Not All Bitcoin Purchases Are the Same
However, even those bullish on bitcoin are careful to add that one should not necessarily be immediately bullish on any given company’s bitcoin purchase.
“I genuinely believe Elon Musk and Jack Dorsey are looking at bitcoin as a store of value, a hedge against inflation due to all the currency that’s been printed recently, and they understand the space well,” said Dan Ushman, CEO of market analysis provider Trendspider. “But I think it gets shady elsewhere, in companies like Phunware.”

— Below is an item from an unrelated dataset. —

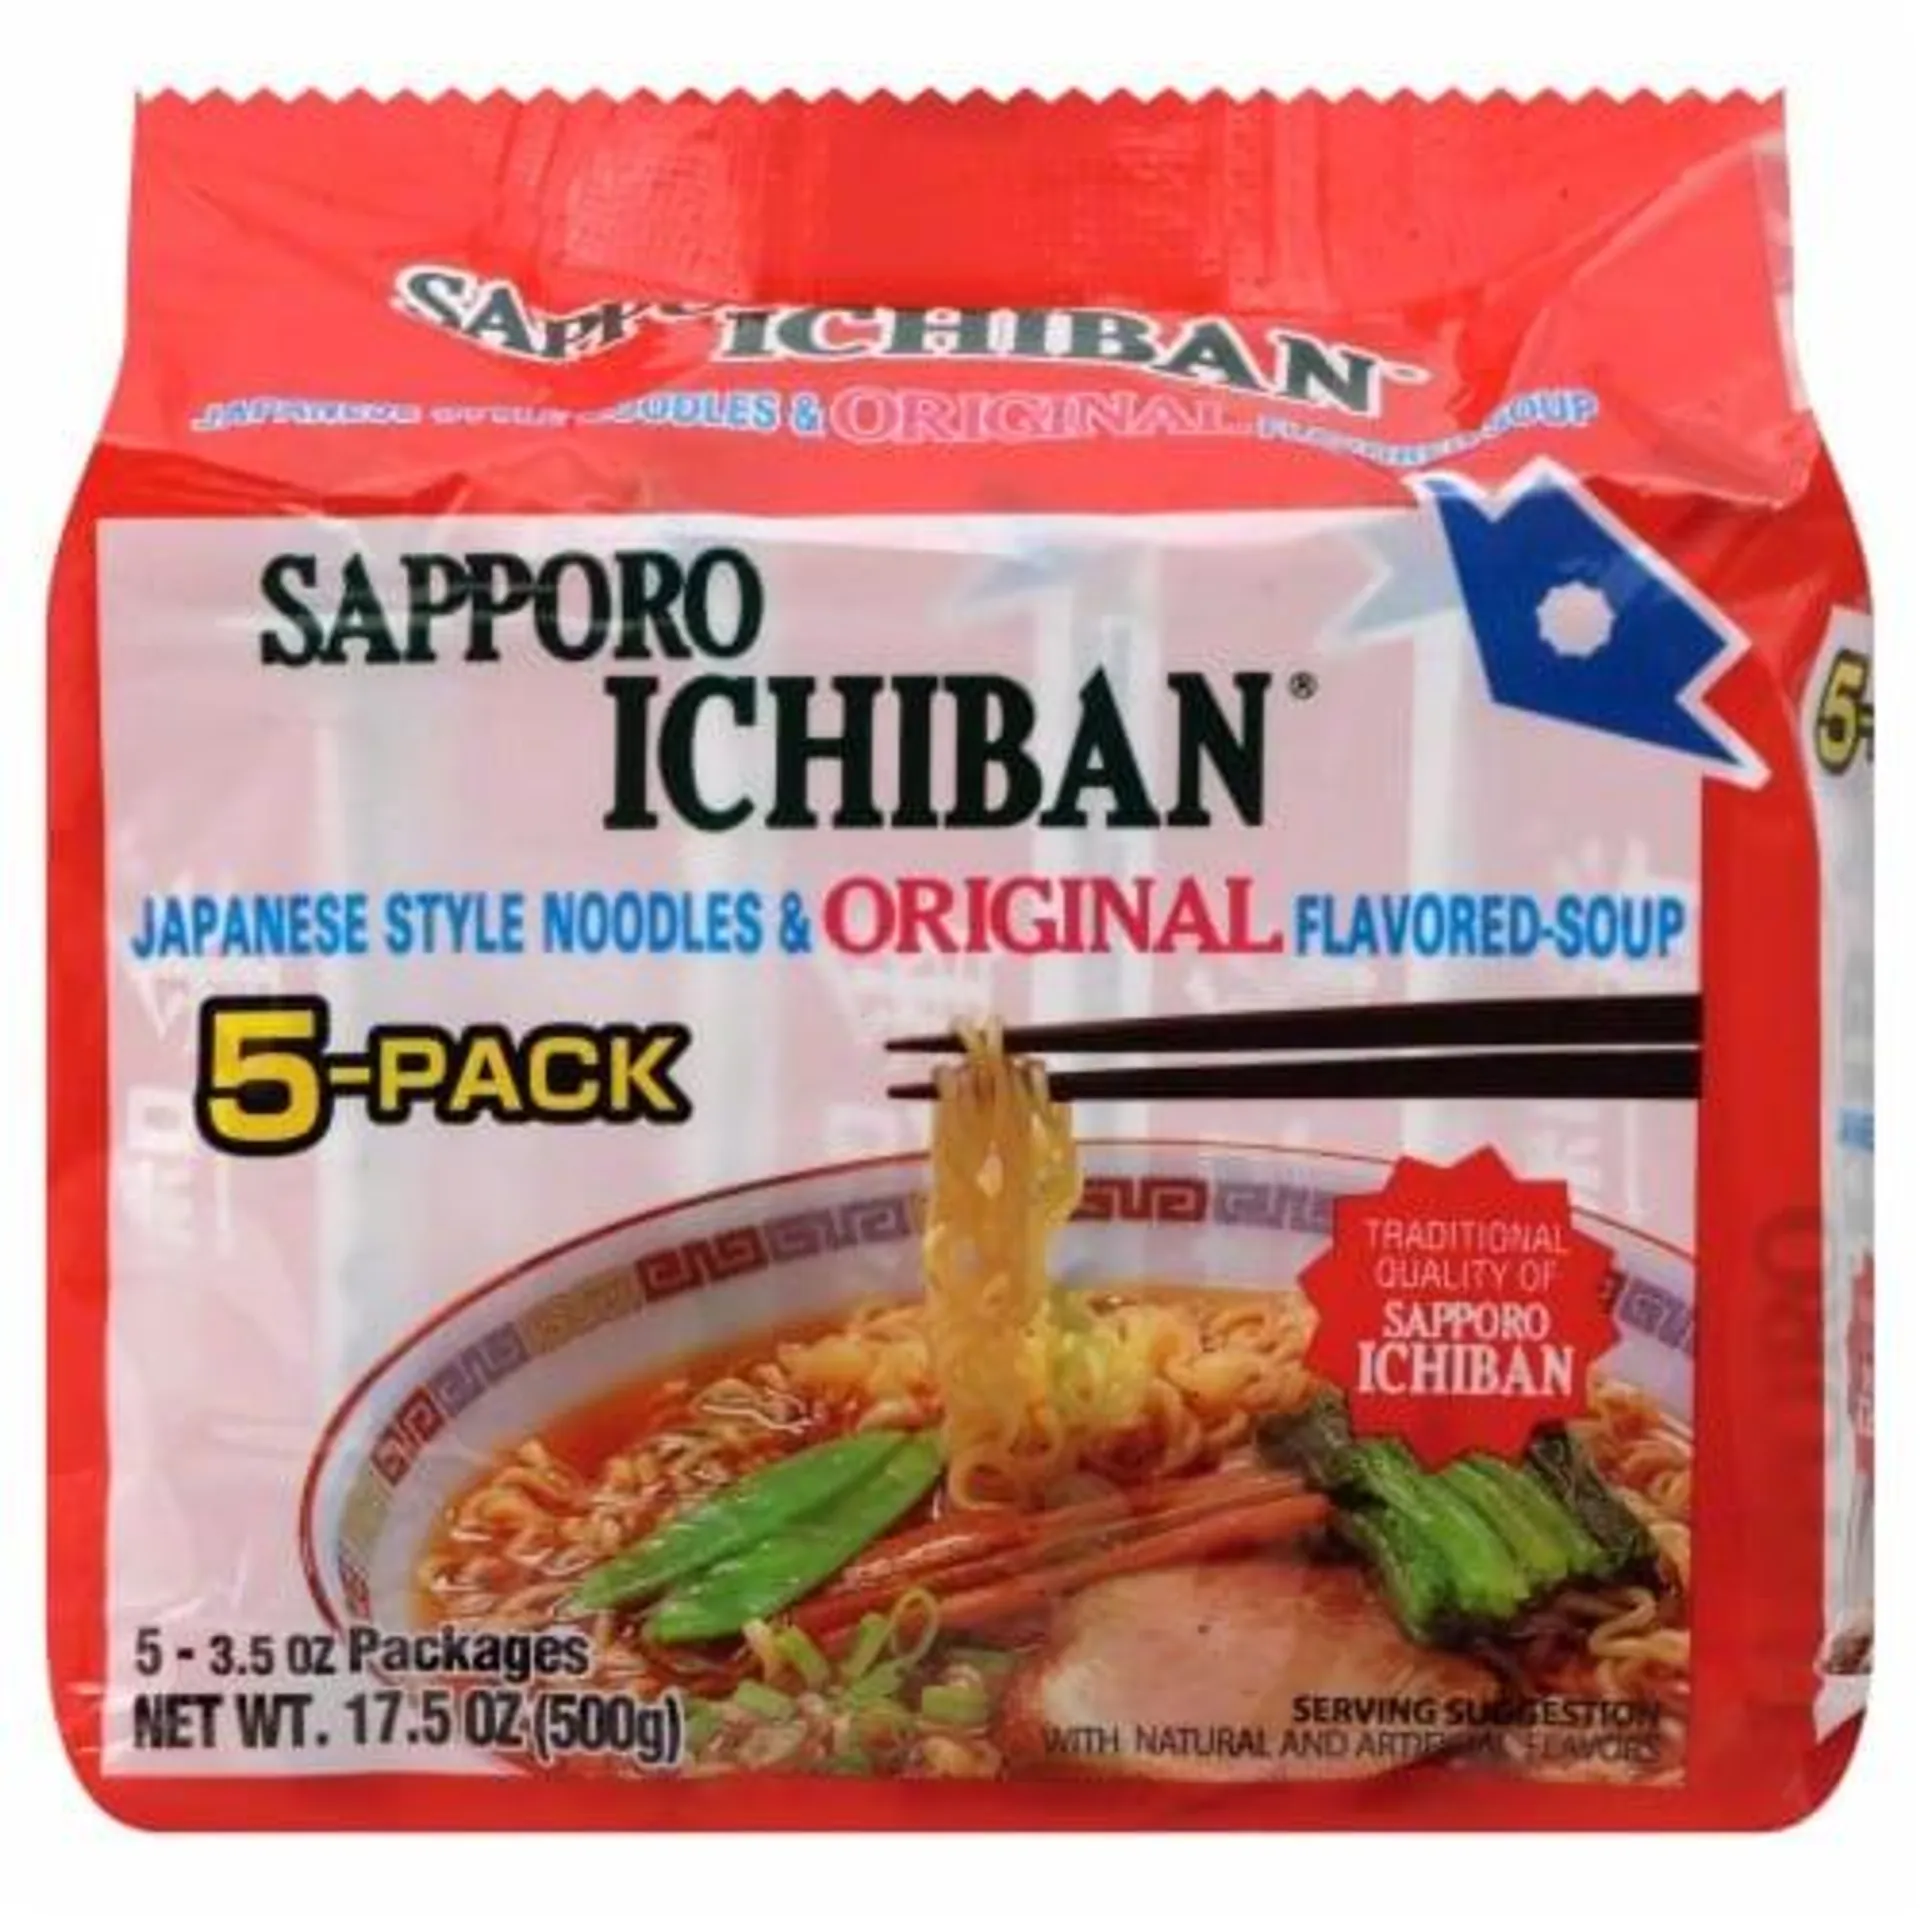 Sapporo Ichiban® Original Japanese Style Noodles

Phunware (PHUN) - Get Phunware, Inc. Report, a Texas-based software company, became notable for its announcement on April 6 of an initial purchase of 25.8 bitcoin at an average price of $58,133 per bitcoin. The approximately $1.5 million purchase helped the stock spike over 30% when it was announced, but required the use of nearly half of the company’s cash holdings as of its March 31 10-K filing. The company also noted in the filing that it has a history of losses and expects to continue to incur losses in the future, making the purchase all the more dubious.
Ushman was quick to note the issue is not limited to just Phunware, but that that was merely a high-profile example. He likened the second strata of bitcoin-investing companies to 2017’s spate of companies chasing bitcoin and blockchain gains, most notably in Long Island Iced Tea renaming itself Long Blockchain Corp.
“When Elon Musk invests in crypto I think he looks at it as an investment and maybe even more so as insurance against inflation,” Ushman said. “When you see a small company with only a few million in revenue make an announcement about bitcoin that is unrelated to their business, that’s a red flag to me.”